Transcribe only the lines of the listing below from the one holding "Windows 8 Live Wallpaper Pc" through the one holding "Kamarov Floral Charmeuse", inclusive, without any change.
[Data records — start]
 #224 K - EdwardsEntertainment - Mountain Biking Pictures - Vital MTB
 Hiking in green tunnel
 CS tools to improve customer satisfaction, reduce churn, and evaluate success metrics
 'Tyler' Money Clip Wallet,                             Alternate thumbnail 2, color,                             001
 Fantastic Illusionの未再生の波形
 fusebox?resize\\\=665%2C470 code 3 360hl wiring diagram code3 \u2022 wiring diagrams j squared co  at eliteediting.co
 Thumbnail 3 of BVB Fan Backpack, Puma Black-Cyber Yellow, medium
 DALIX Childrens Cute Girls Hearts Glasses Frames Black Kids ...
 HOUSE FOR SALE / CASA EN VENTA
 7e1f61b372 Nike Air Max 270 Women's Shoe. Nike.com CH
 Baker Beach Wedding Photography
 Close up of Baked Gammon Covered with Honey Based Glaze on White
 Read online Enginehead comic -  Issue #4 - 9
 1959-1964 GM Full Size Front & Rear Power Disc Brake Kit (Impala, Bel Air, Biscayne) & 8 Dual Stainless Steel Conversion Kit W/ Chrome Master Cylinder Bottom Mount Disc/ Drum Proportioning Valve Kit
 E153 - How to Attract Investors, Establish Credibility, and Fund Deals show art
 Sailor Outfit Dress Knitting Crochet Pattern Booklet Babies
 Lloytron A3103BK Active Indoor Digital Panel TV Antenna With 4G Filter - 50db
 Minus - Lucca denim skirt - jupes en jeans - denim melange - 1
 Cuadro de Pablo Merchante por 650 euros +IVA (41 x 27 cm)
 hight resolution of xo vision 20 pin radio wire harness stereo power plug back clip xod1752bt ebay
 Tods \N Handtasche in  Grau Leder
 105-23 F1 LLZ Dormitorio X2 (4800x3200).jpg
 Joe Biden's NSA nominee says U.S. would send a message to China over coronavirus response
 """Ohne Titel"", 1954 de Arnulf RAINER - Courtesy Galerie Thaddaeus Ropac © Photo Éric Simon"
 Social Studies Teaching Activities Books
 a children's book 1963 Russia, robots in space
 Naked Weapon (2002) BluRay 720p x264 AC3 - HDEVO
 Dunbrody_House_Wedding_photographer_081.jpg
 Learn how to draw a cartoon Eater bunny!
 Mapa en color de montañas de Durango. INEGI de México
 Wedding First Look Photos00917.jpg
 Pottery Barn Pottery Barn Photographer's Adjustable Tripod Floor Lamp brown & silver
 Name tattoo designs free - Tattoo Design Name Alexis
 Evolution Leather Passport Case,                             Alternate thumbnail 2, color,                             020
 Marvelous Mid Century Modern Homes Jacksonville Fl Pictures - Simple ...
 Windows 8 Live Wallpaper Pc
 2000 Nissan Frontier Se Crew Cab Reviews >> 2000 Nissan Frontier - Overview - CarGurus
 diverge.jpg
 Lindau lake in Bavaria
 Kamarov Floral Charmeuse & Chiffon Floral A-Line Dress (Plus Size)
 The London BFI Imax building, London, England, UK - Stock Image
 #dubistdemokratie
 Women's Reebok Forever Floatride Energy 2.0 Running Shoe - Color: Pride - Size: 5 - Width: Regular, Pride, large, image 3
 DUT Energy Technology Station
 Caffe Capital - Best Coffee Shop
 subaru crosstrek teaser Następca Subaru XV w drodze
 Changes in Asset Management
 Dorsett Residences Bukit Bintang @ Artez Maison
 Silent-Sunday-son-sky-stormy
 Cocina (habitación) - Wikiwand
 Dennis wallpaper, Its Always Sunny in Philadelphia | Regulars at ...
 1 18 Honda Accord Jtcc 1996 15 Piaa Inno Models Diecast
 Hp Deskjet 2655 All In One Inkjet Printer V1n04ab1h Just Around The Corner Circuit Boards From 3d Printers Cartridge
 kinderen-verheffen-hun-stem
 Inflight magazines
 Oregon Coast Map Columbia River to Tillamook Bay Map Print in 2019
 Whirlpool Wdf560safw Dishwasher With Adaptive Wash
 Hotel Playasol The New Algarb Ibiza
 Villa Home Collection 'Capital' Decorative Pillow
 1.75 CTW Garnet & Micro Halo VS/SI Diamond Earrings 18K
[Data records — finish]
▶ _Reply_
 Windows 8 Live Wallpaper Pc
 2000 Nissan Frontier Se Crew Cab Reviews >> 2000 Nissan Frontier - Overview - CarGurus
 diverge.jpg
 Lindau lake in Bavaria
 Kamarov Floral Charmeuse & Chiffon Floral A-Line Dress (Plus Size)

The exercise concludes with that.